1. Put the entire State Machine Vector Generator into a Field-Programmable Gate Array (FPGA). FPGAs are now large enough that you could probably include the vector memory as well. The downside is that FPGAs that are large enough to do this are available only in Surface-Mount Devices (SMDs) which require multi-layer PC Boards with solder masks. In prototype quantities these boards are several times more expensive than two-layer boards with no solder mash. SMDs also require specialized soldering equipment, which is also expensive. Finally, large FPGAs tend to operate only at 3.3 Volts, so that if it is necessary to interface them to 5 Volt circutry, some kind of level translation is necessary.

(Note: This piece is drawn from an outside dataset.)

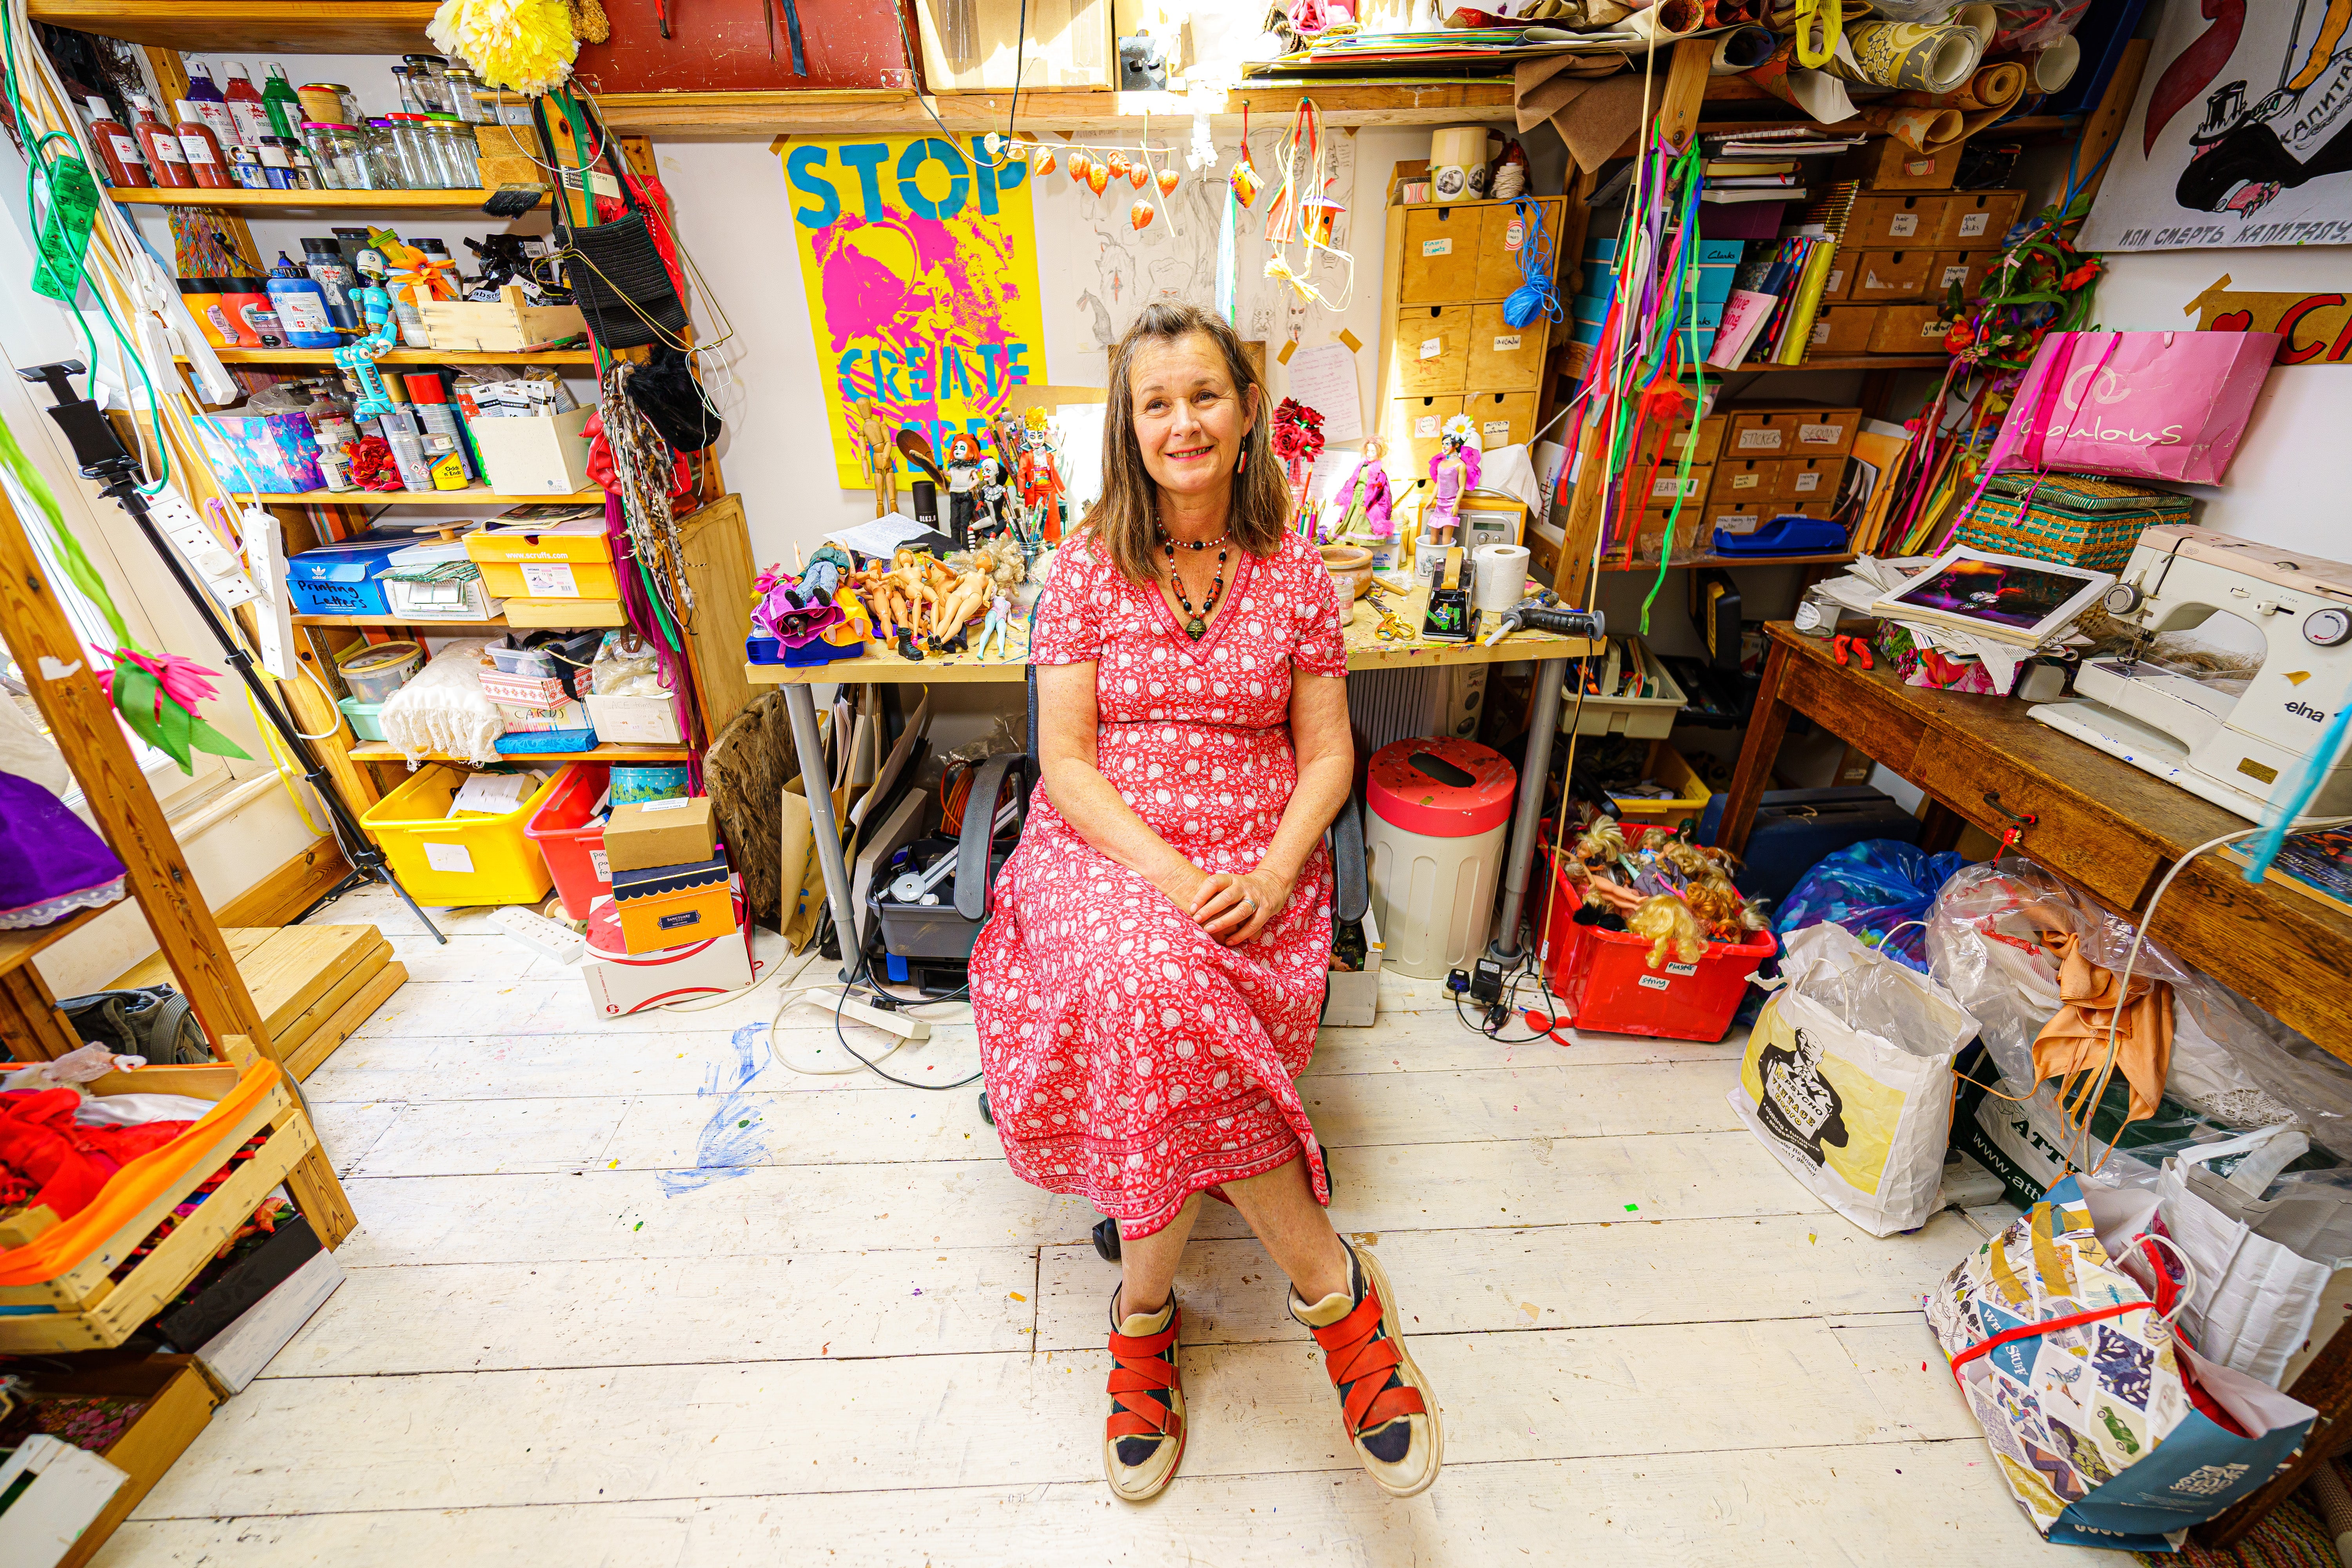 Artist Lou Gray, 61, at her home studio in Bristol, where she creates characters made from old dolls including Barbie, Ken and Action Man, plus other assorted miniature doll figures (Ben Birchall/PA Wire/PA Real Life)

2. Before I ended TomCat, the next thing I was going to try was to replace the State Machine Vector Generator with a TMS32010 DSP. Today, there are much more advanced DSPs available such as the ADSP-2186 from Analog Device (www.analog.com). The ADSP-2186 is a fast (33 MHz) DSP with enough RAM memory on-chip to do the whole thing. All you need is the analog back end. It's even a 5 Volt part. One of the downsides is that it is an SMD part, The other downside is that Analog Devices has not make it easy to interface to other devices to it (like latches). Although the buses are brought out to the outside world, the signals are very fast and the address and data setup and hold times are difficult to work with.
3. Replace the entire State Machine Vector Generator with a Pentium-class PC. Just put the back-end circuitry (and a vector timer) on a PCI (or AGP) card. You would probably have to run DOS or Linux. Windows would be difficult to work with and might be too slow.
The back end I was referring to could be the one that ended up in TomCat, shown in Figure 28.
It could also be an updated version of the Digital Vector Generator. The AD561 was a 4 MHz DAC. Today, you can easily get a 30 MHz DAC. (Of course, you would need an equally fast Sample-and-Hold.)
A third alternative is something I have not completely worked out. Each axis has two DACs, two analog multipliers, an adder, and a Ramp. Referring to Figure 29, as the Ramp goes from 0 to 1 Volt, the 1-Ramp goes from 1 to 0 Volts, causing VOUT to smoothly transition between position X2 and position X1.
We start at position X2 when Ramp = 0 and 1-Ramp = 1. When the Ramp reaches 1, 1-Ramp will have reached 0, so we will have arrived at position X1. At this point we can change X2 for the next end point. We reverse the Ramp so when it reaches 0, we will end up at the new position X2.